Servius's commentary on Virgil's Aeneid, thought to be based on an earlier commentary by Aelius Donatus (4th century CE), provides a good insight into common understandings concerning Laocoön at the turn of the 5th century CE. In his notes on Aeneid 2.201–31, Servius cites Euphorion as his principle source. His note is also our source for Bacchylides' account of Laocoön, and mentions that the names of the sea dragons that attack Laocoön and his sons are given in Sophocles' account.
Like Euphorion (and Sophocles), Servius writes that Laocoön's sin was having sex with his wife (Antiopa) before the statue of Apollo in his temple. This, says Servius, was the generally understood history of Laocoön, thereby indicating that readers would have known that background of the man selected, in Virgil's account, by the Trojans to be Neptune's priest. In not knowing the real reason for the attack on the priest, writes Servius, the Trojans are given some excuse for having thought Laocoön was punished for throwing his spear at the Greekās horse.
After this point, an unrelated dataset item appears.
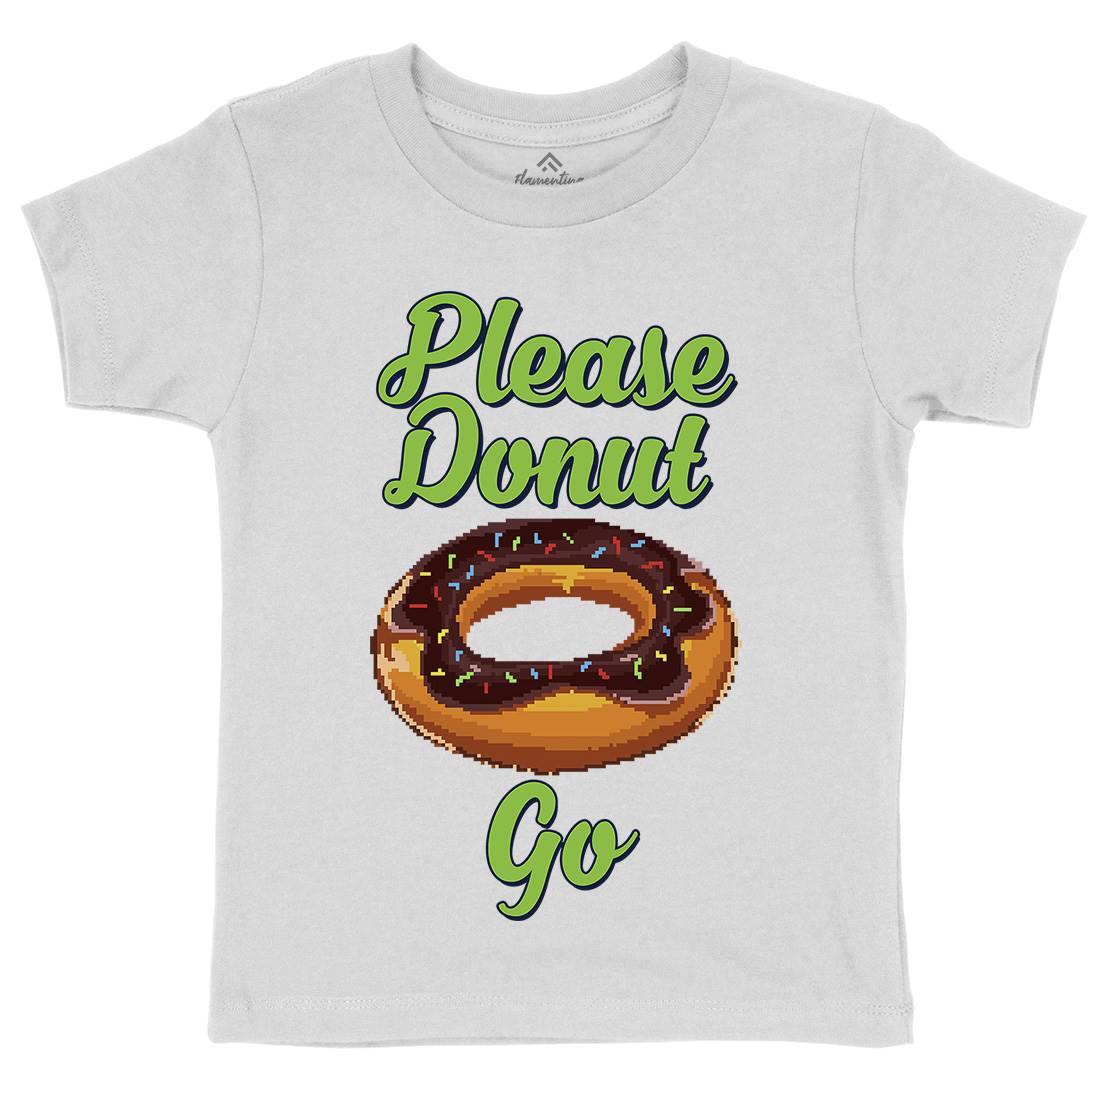 Please Donut Go Food Pun Kids Crew Neck T-Shirt Food B947

Servius's subsequent mention of the Trojan king Laomedon as having treated Neptune with contempt introduces a further context for Laocoön's death that Virgil's readers would have known. In book 11 of Ovid's Metamorphosis, Apollo and Neptune put on mortal form to build Troy's walls (see image above). Laomedon then refuses to pay them and claims that they are lying about undertaking the work, for which affront Neptune swears vengeance.
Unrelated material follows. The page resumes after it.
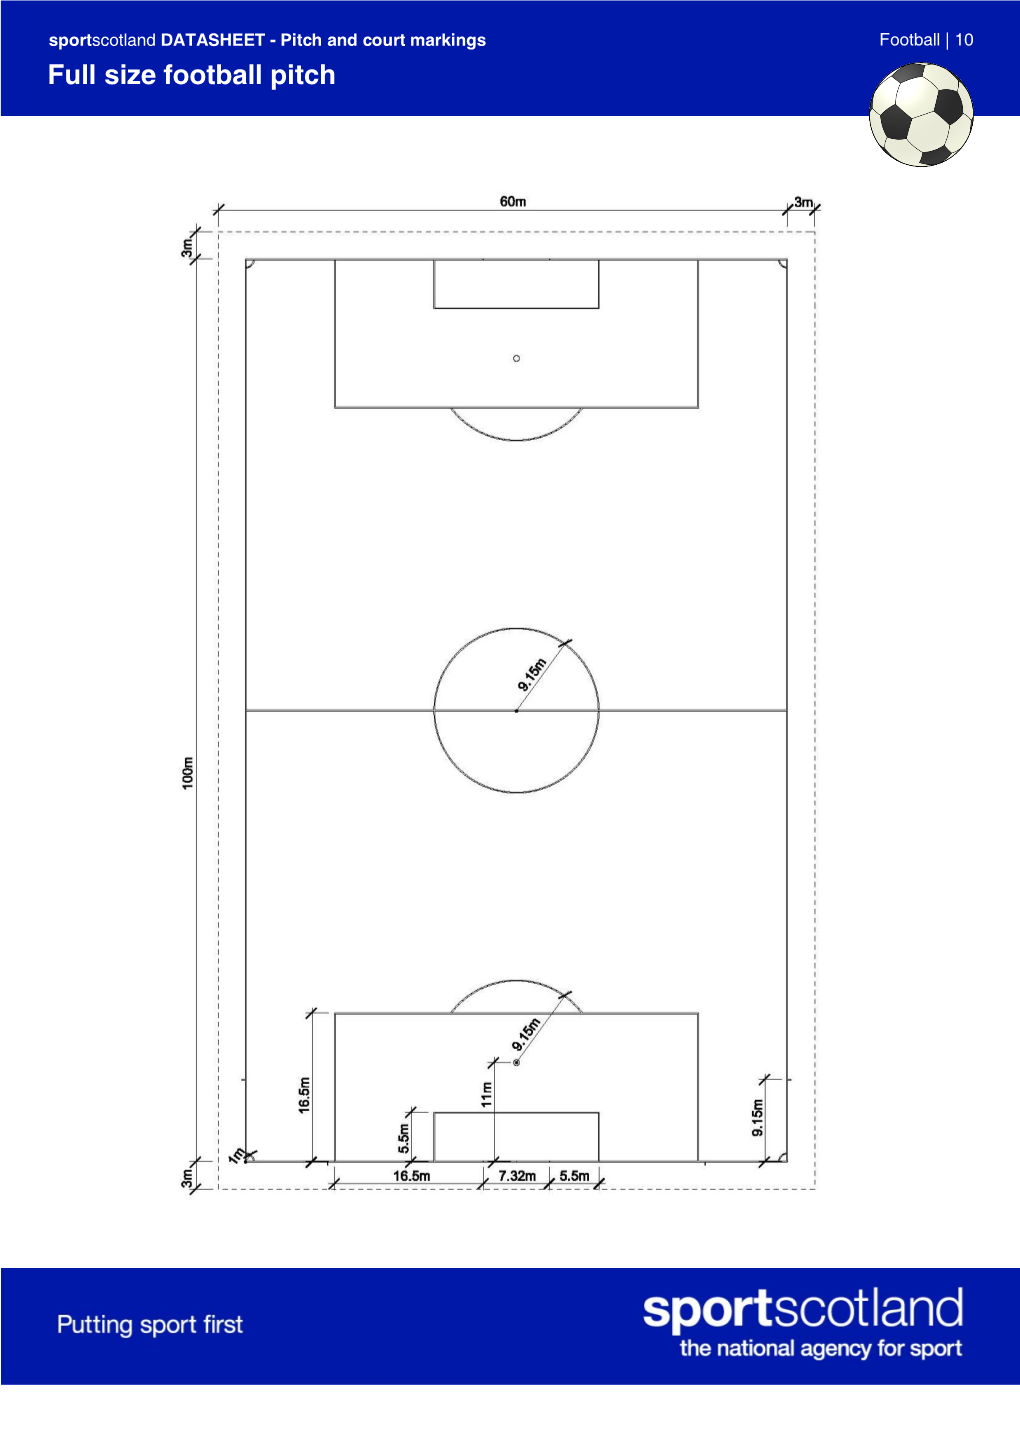 Full Size Football Pitch Sportscotland DATASHEET - Pitch and Court Markings Football |10

Laocoön's punishment is therefore linked in Servius's commentary to both individual and collective sins: Laocoön's desecration of Apollo's temple; Laomedon's contemptuous treatment of Apollo and Neptune; and Troy's selection of a sacreligious man as the successor of a priest of Neptune (also named Laocoön).
On the retreat of the sea-serpents to Minerva's temple, Servius observes that either she was also an enemy of Troy, or this is a sign of the destruction of the city.